__SUPPLIED RECORDS__.
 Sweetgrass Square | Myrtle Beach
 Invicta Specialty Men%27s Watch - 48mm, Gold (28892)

==

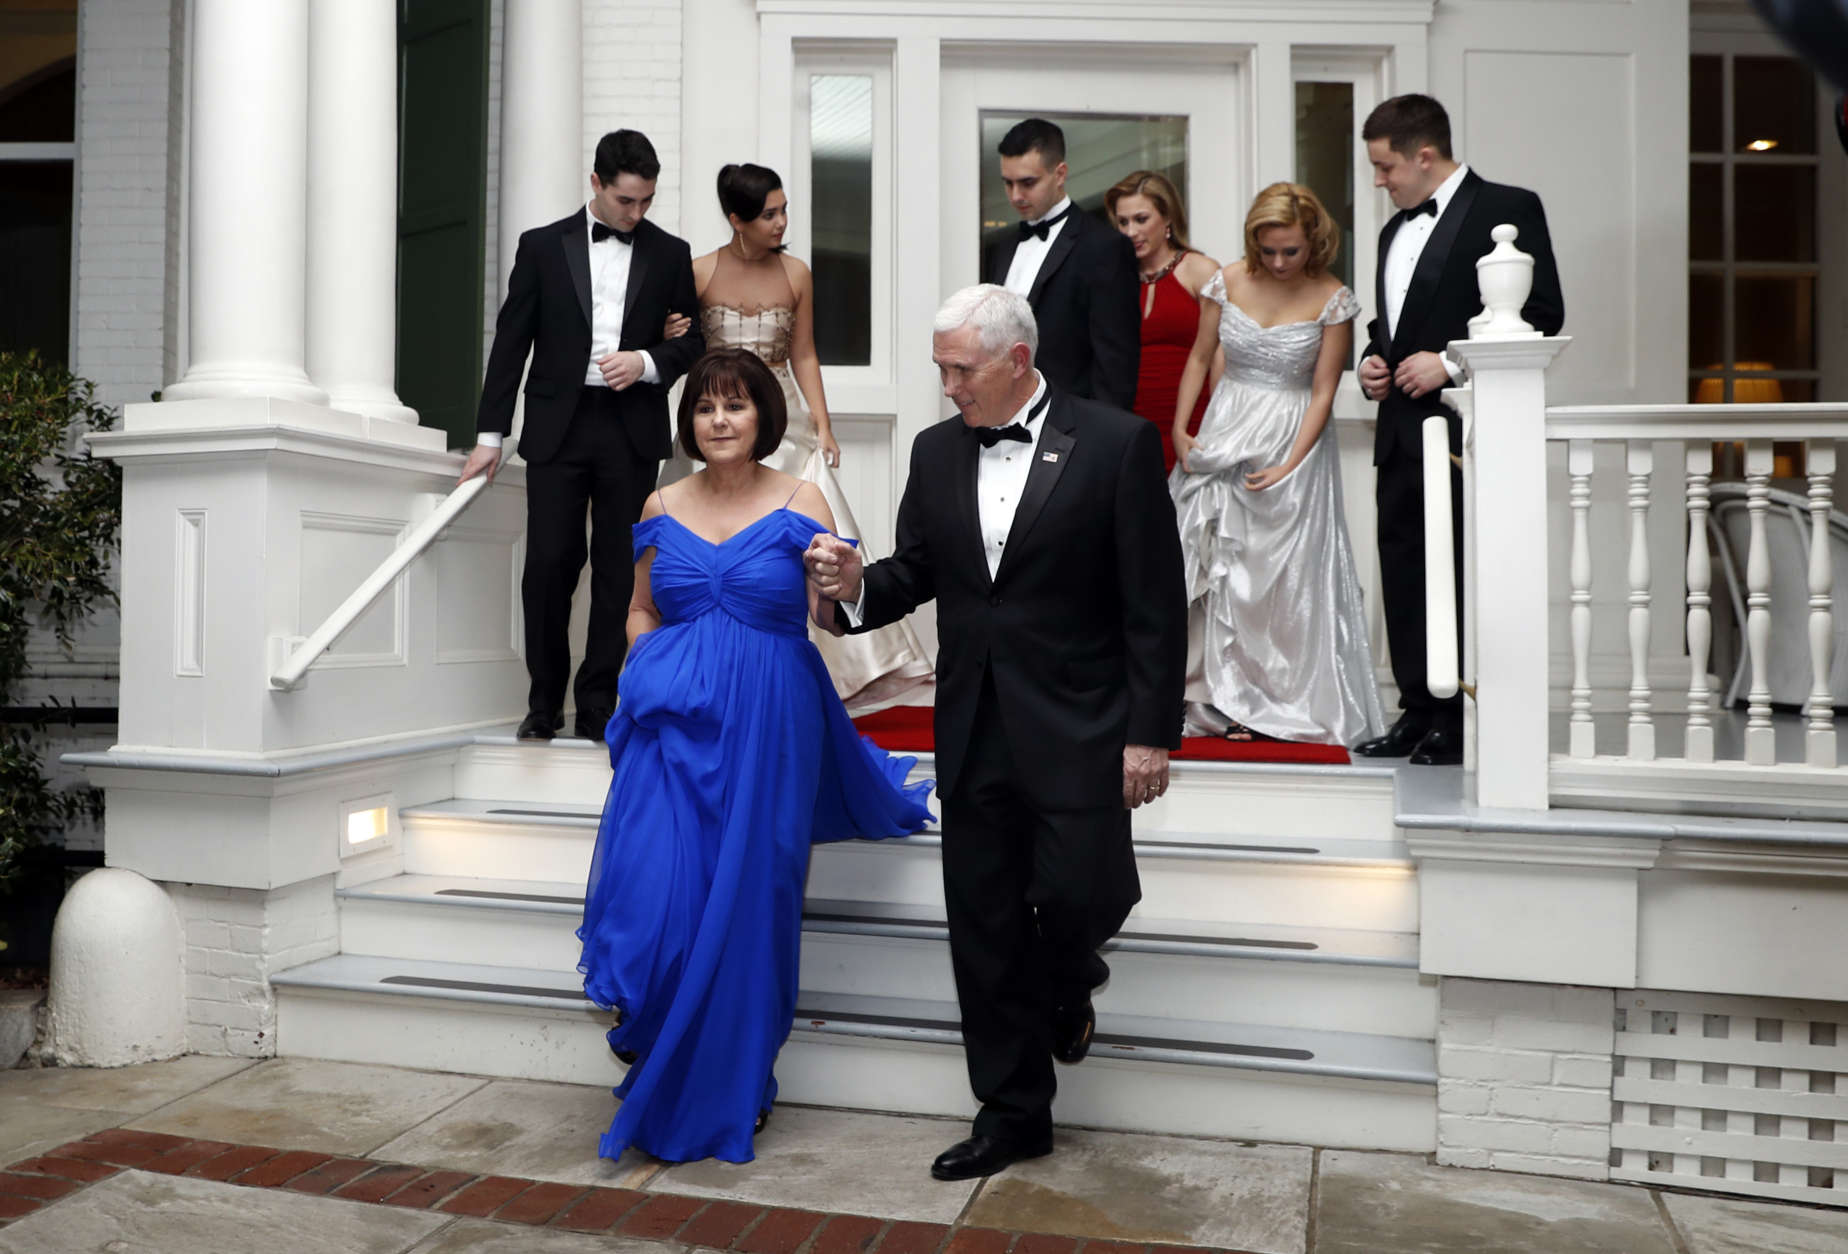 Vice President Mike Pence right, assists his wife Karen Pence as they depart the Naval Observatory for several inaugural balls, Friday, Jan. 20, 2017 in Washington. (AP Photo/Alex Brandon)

---

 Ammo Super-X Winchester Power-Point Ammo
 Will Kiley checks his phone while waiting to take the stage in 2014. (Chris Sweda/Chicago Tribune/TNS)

__YOUR ASSIGNMENT__.
Repeat word for word the lines above that run from the line containing "Sweetgrass Square | Myrtle Beach" through the line containing "Invicta Specialty Men%27s", both ends included, and nothing else.

__THE COMPLETED TASK__.
 Sweetgrass Square | Myrtle Beach
 Invicta Specialty Men%27s Watch - 48mm, Gold (28892)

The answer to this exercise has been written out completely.